Pregnancy 86'ed that. I blame Miss C in Paris as well. Not that she got me any - I don't think pâtisserie industrielle has any place in her life. But when I was visiting her during my second trimester in the small town where she's rented a very pretty house,  she bought me a fresh madeleine from a local bakery on our way out of town. Prior to that, I'd only had madeleines years before, as a poor starving student in Paris, in their vastly inferior pâtisserie industrielle form. When I got back to Australia I started craving madeleines - a first for me, as they're rather bland and uninteresting - and somehow that got confounded with pâtisserie industrielle. And then I needed first, chocolate digestives. Probably not coincidentally, immediately after my grandmother's death - chocolate digestives were always present and doled out as great treats in her household. And then, after this episode of Bottom the other night, it was Hobnobs. One good thing about Australia is its good supplies of British pâtisserie industrielle, which despite the Frenchiness of the term is the best pâtisserie industrielle. Not the most convincing fame to culinary fame out there but hey - it beats Australia. All this place has going for it is cheap kangaroo meat.
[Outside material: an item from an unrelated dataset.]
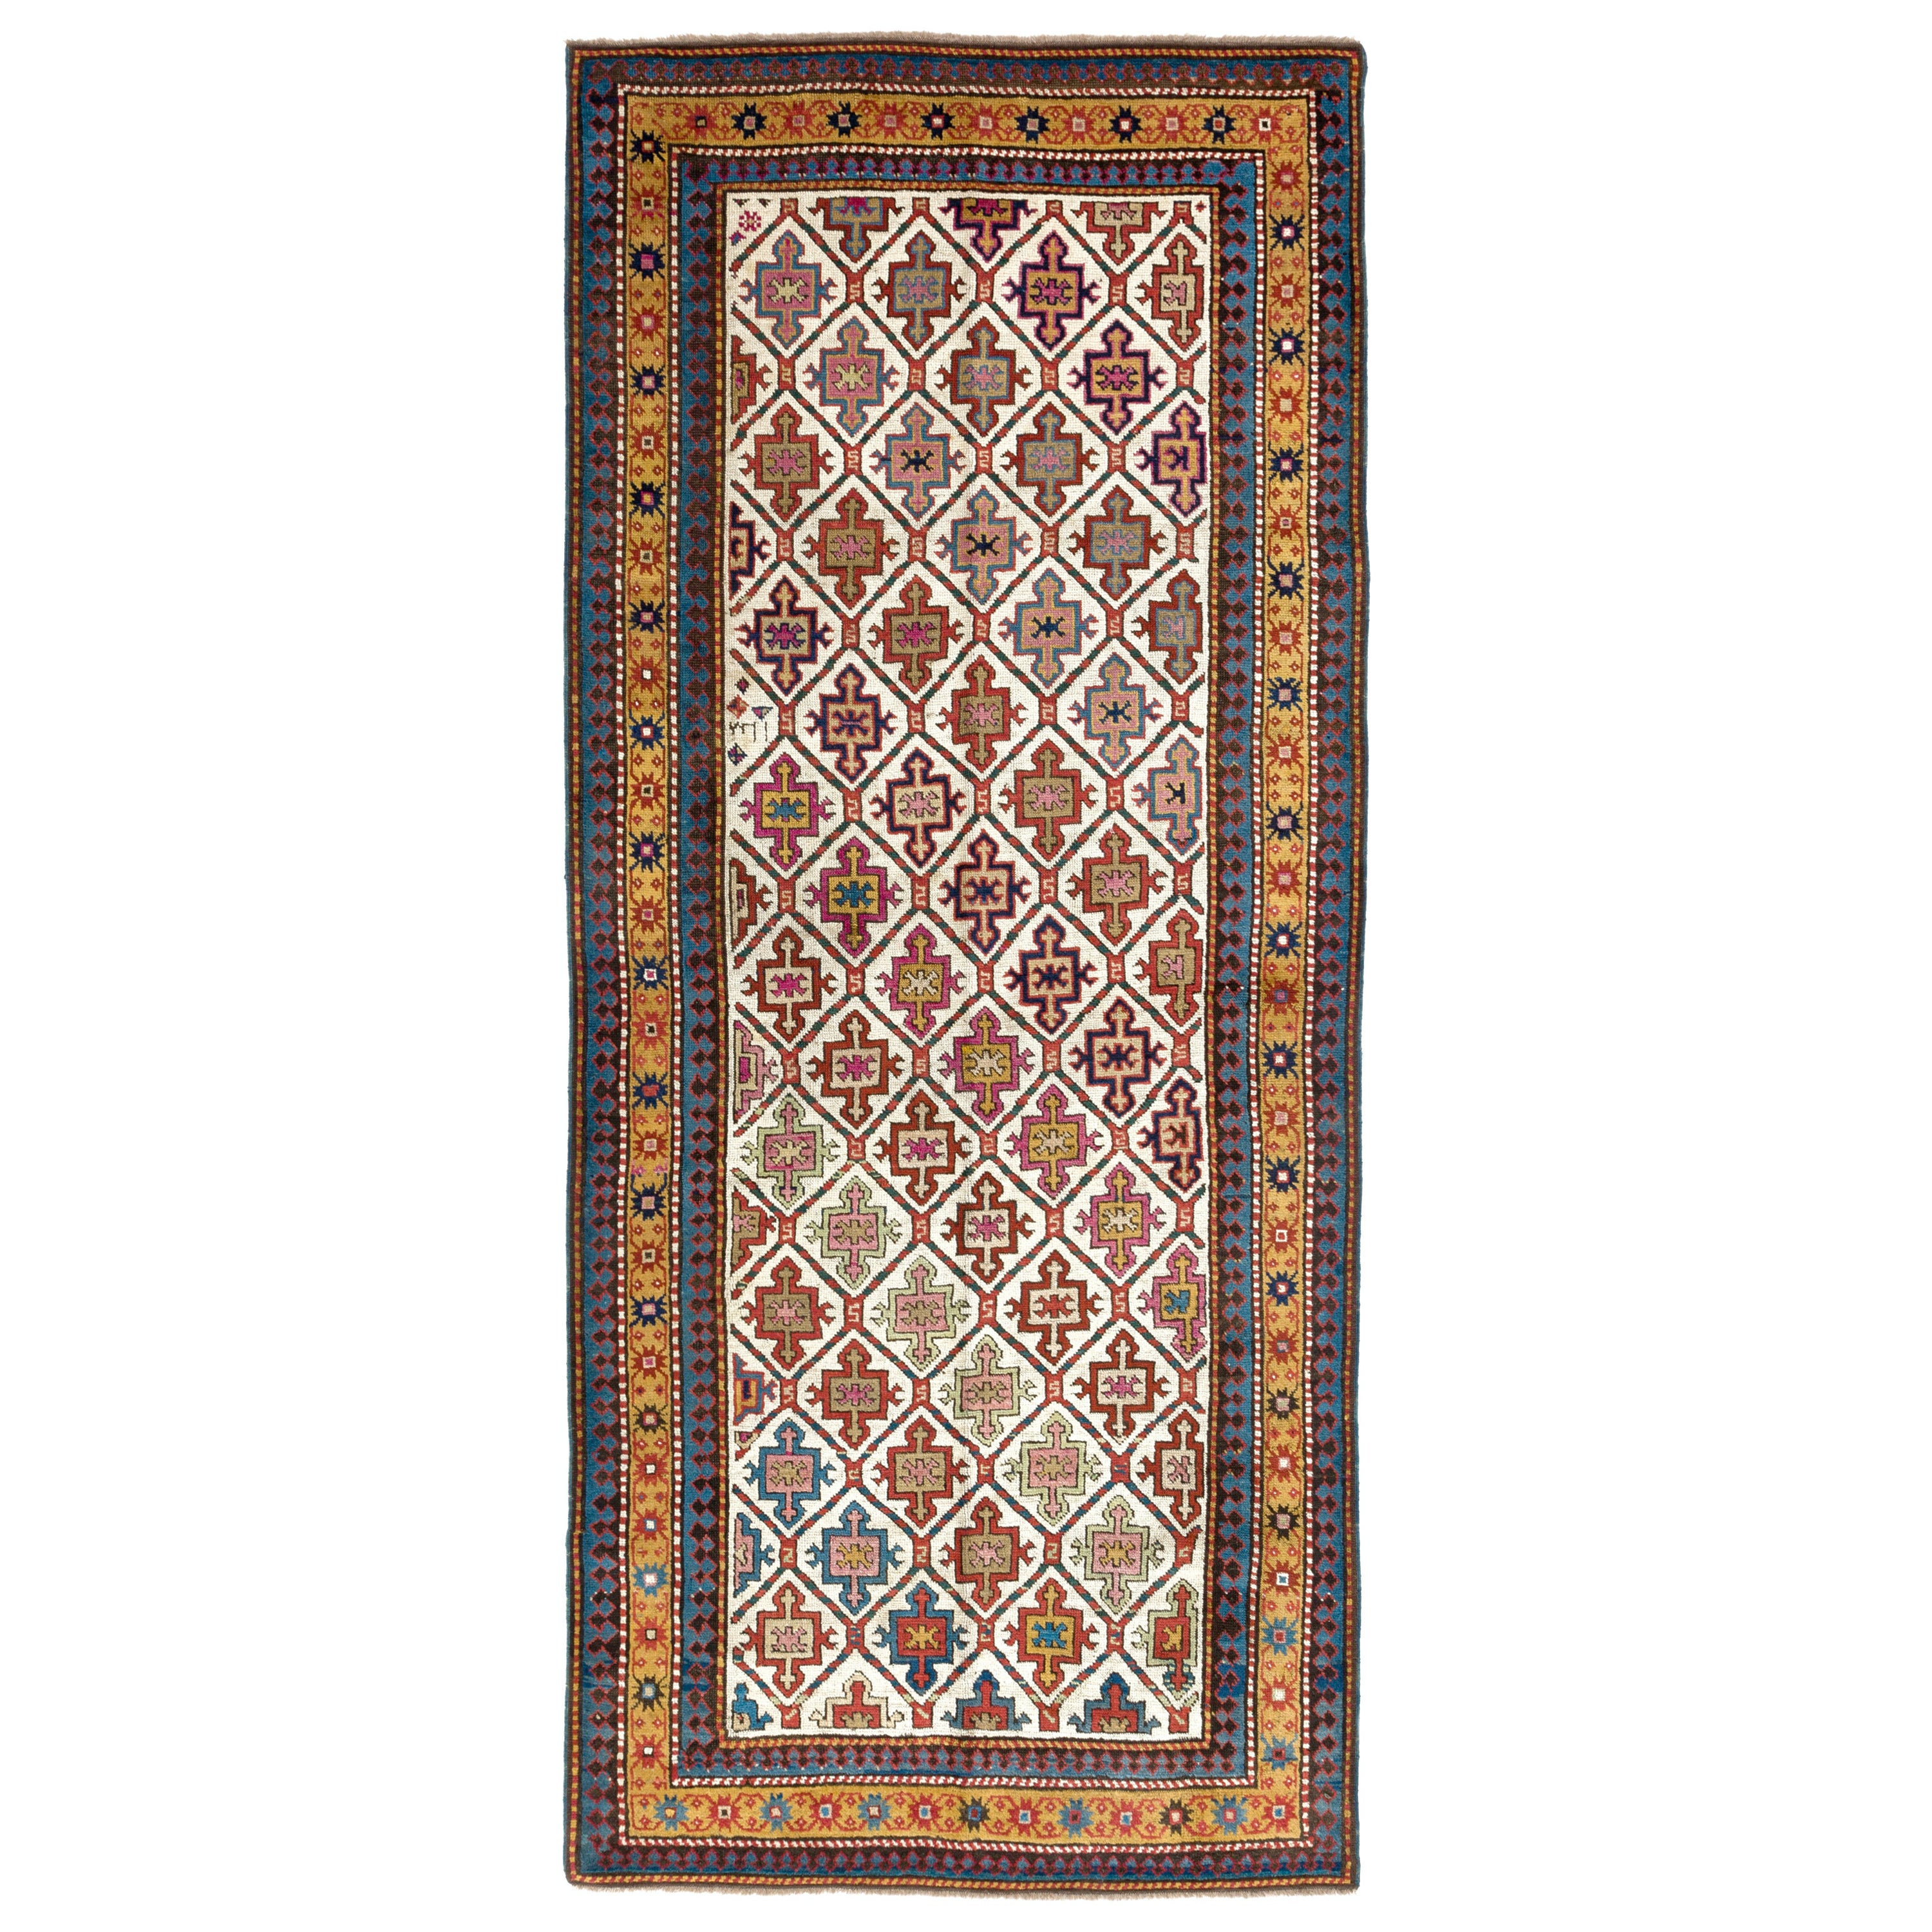 3.6x8.4 ft Seltener antiker kaukasischer Kazak-Teppich aus Karabagh, datiert 1812

Anyways, end of ramble. I'm rambling a lot these days. I like it and other people tolerate it. I think it amuses them to see me blathering so much when I usually don't blather much at all. Now I'm off to my acupuncturist to ramble at him for awhile until I fall asleep full of needles. Ren is 37 weeks old today. That means if he or she popped now, it'd count as a full term pregnancy. That is a good feeling. Especially since I've already filed my October invoices and should get paid for the whole month even if my mat leave ends up starting this afternoon. No sign of that, sadly enough. A little tightness at the top of the uterus, the odd cramp. At least I know they won't let me go too far over, though getting induced looks like the sort of thing that makes a shitty thing shittier. Any road. I'll manage.